It is true that women have developed more admirable and loving qualities in their home life than have men; but during all these centuries, while women have been shut up in the home, men have been touching hands with the great, busy world, absorbing knowledge of human nature and broadening their minds by coming into contact with men and things. They have developed independence, stamina, strength, by being compelled to solve the larger, more practical problems of life.
The business man and the professional man are really in a perpetual school, a great practical university. The strenuous life, however dangerous, is essentially educative. The man has the incalculable advantage of a great variety of experiences and of freshness of view. He is continually coming in contact with new people, new things, being molded by a vast number of forces in the busy world which never touch the wife.
If women, equally with men, do not continue to grow and expand after marriage, how can we expect race improvement? Woman must ascend to higher, wider planes, or both man and woman must descend. "Male and female created He them." There is no separating them; they must rise or fall together.
"The woman's cause is man's; they rise or sink Together, dwarfed or godlike, bond or free."
Many a man has tired of his wife because she has not kept pace with him; because, instead of growing broader and keener as the years pass, she has become narrow. It never occurs to him that the fault may be wholly his own. In the early years of their married life he perhaps laughed at her "dreams," as he called her longings for self-improvement. He discouraged, if he did not actually oppose, every effort she made to grow to the full stature of her womanhood. His indifference or hostility quenched the hopes she had indulged before marriage. The bitterness of her disappointment crushed her spirit. She lost her buoyancy and enthusiasm and gradually sank to the level of a household drudge.
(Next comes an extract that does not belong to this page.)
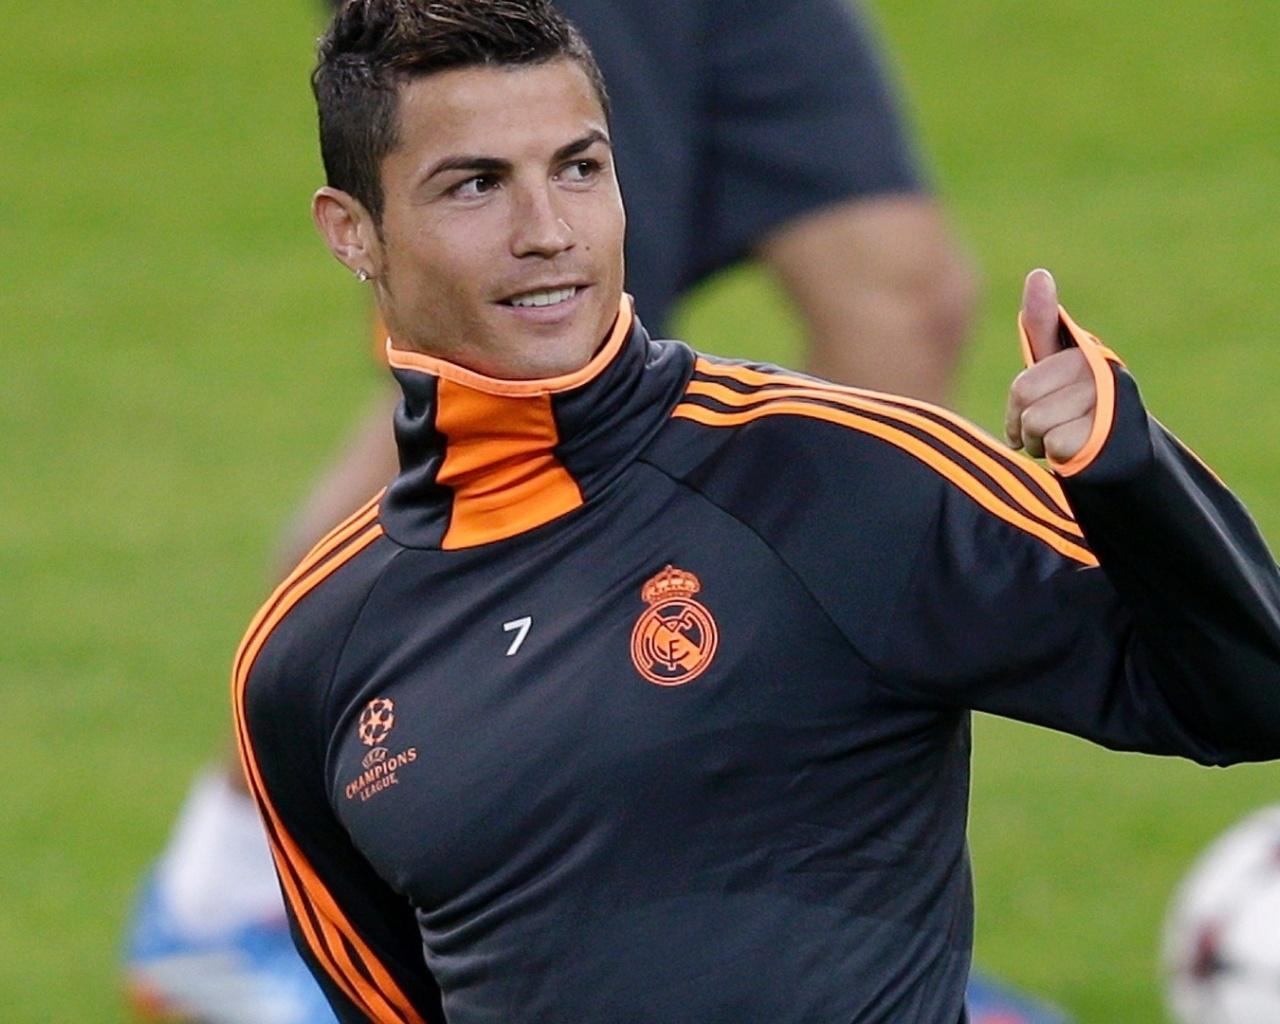 HD Wallpapers Ronaldo

And the husband wonders what has changed the joyous, high-spirited girl he married into the dull, apathetic woman who now performs her duties like an automaton.
There are to-day thousands of wives doing the work of ordinary housemaids, who, putting it on a low standard, are smothering ability to earn perhaps more money than the men who enslave them, if they only had an opportunity to unfold the powers which God has given them; but they have been brought up from infancy to believe that marriage is the only real career for a woman, that these longings and hungerings for self-expression are to be smothered, covered up by the larger duties of a wife and mother.
If the husbands could change places with their wives for a year, they would feel the contracting, narrowing influence in which the average wife lives. Their minds would soon cease to reach out, they would quickly feel the pinching, paralyzing effect of the monotonous existence, of doing the same things every day, year in and year out. The wives, on the other hand, would soon begin to broaden out. Their lives would become richer, fuller, more complete, from contact with the world, from the constant stretching of their minds over large problems.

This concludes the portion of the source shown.